3.2 Am 6. Januar 2024 vollendete die Beschwerdeführerin das 64. Altersjahr und erreichte somit das zu diesem Zeitpunkt geltende Referenzalter der Alters- und Hinterlassenenversicherung für Frauen, weshalb die ausserordentliche Invalidenrente per 1. Februar 2024 durch eine Altersrente abgelöst wurde. Die Beschwerde-führerin kann zwar die zu diesem Zeitpunkt geltende vollständige Beitragsdauer für Frauen von 43 Jahren vorweisen und hat damit Anspruch auf eine Vollrente (Urk. 6/119), innerhalb der Vollrentenskala 44 bemisst sich die Rente jedoch nach dem massgebenden durchschnittlichen Jahreseinkommen. Demnach hat ein tiefes durchschnittliches Jahreseinkommen grundsätzlich auch eine tiefe Rente zur Folge (vgl. S. 20 der vom Bundesamt für Sozialversicherungen [BSV] herausgegebenen Rententabellen 2023).
3.3 Die Beschwerdeführerin hat vorliegend basierend auf dem korrekt errechneten durchschnittlichen Erwerbseinkommen in der massgebenden Periode (1981-2023) in der Höhe von Fr. 7'350.-- (Urk. 6/118/4-5) sowie der Rentenskala 44 Anspruch auf die minimale Altersrente in der Höhe von Fr. 1’225.-- ([Stand 2024] Urk. 6/118/5). Da an die Stelle der ausserordentlichen Invalidenrenten der Beschwerdeführerin eine ordentliche Altersrente tritt und keine Beitragslücken bestehen, hat die Beschwerdegegnerin bei der Festsetzung der Altersrente in Anwendung von Art. 33bis Abs. 3 AHVG richtigerweise erneut auf 133 1/3 Prozent des Mindestbetrags der zutreffenden Vollrente, d.h. von Fr. 1'225.--, abgestellt. Demnach entspricht die Altersrente der Beschwerdeführerin in der Höhe der vorherigen Invalidenrente und beträgt weiterhin Fr. 1'633.--.

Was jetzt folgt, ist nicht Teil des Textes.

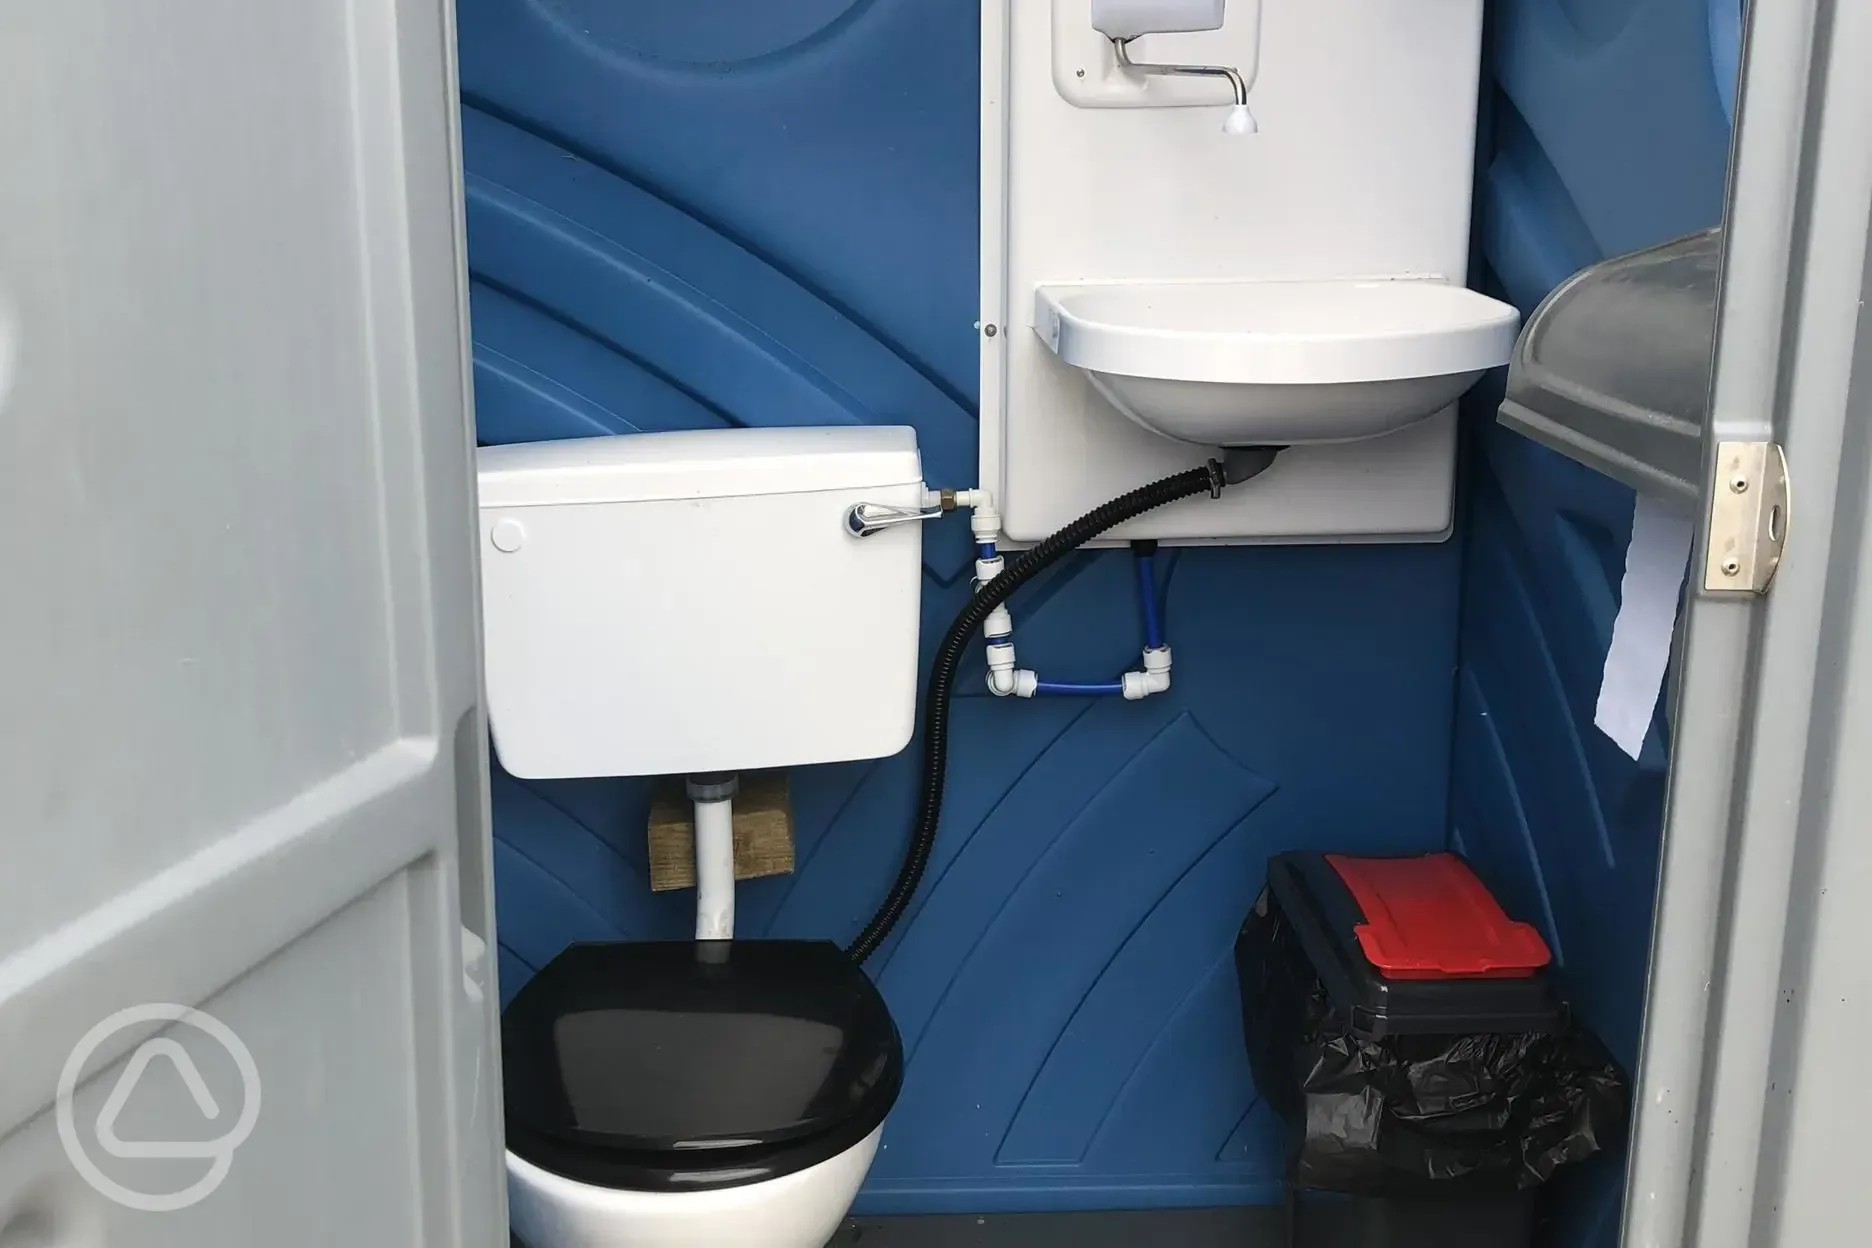 Inside the portable toilet
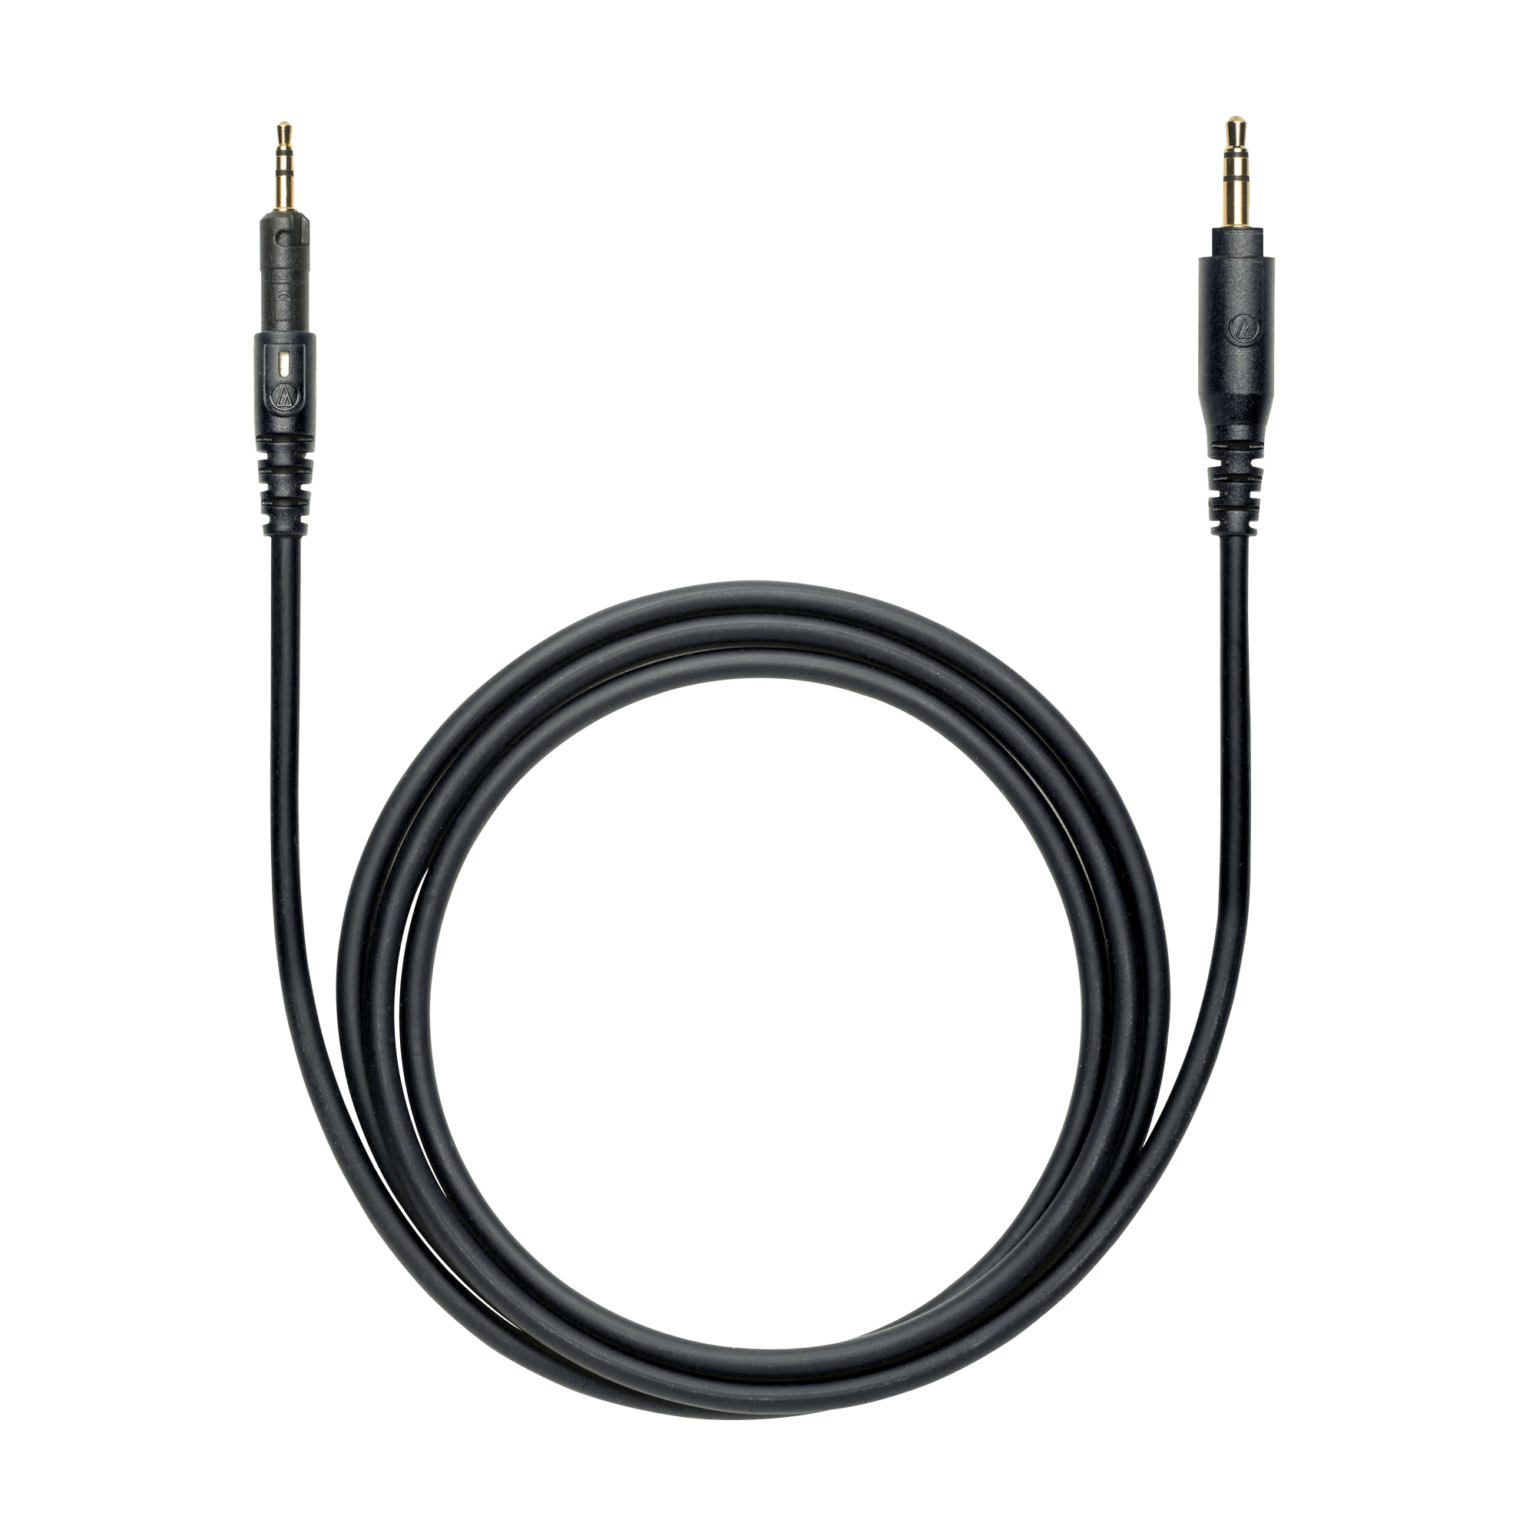 ATH-M50x Headphone Cable

4. Der angefochtene Einspracheentscheid vom 5. Februar 2024 (Urk. 2) ist daher nicht zu beanstanden und die von der Beschwerdeführerin dagegen erhobene Beschwerde ist abzuweisen.
Das Gericht erkennt:
1. Die Beschwerde wird abgewiesen.
2. Das Verfahren ist kostenlos.
3. Zustellung gegen Empfangsschein an:
- Y.___
- Sozialversicherungsanstalt des Kantons Zürich, Ausgleichskasse
- Bundesamt für Sozialversicherungen
4. Gegen diesen Entscheid kann innert 30 Tagen seit der Zustellung beim Bundesgericht Beschwerde eingereicht werden (Art. 82 ff. in Verbindung mit Art. 90 ff. des Bundesgesetzes über das Bundesgericht, BGG). Die Frist steht während folgender Zeiten still: vom siebenten Tag vor Ostern bis und mit dem siebenten Tag nach Ostern, vom 15. Juli bis und mit dem 15. August sowie vom 18. Dezember bis und mit dem 2. Januar (Art. 46 BGG).
Die Beschwerdeschrift ist dem Bundesgericht, Schweizerhofquai 6, 6004 Luzern, zuzustellen.
Die Beschwerdeschrift hat die Begehren, deren Begründung mit Angabe der Beweismittel und die Unterschrift der beschwerdeführenden Partei oder ihrer Rechtsvertretung zu enthalten; der angefochtene Entscheid sowie die als Beweismittel angerufenen Urkunden sind beizulegen, soweit die Partei sie in Händen hat (Art. 42 BGG).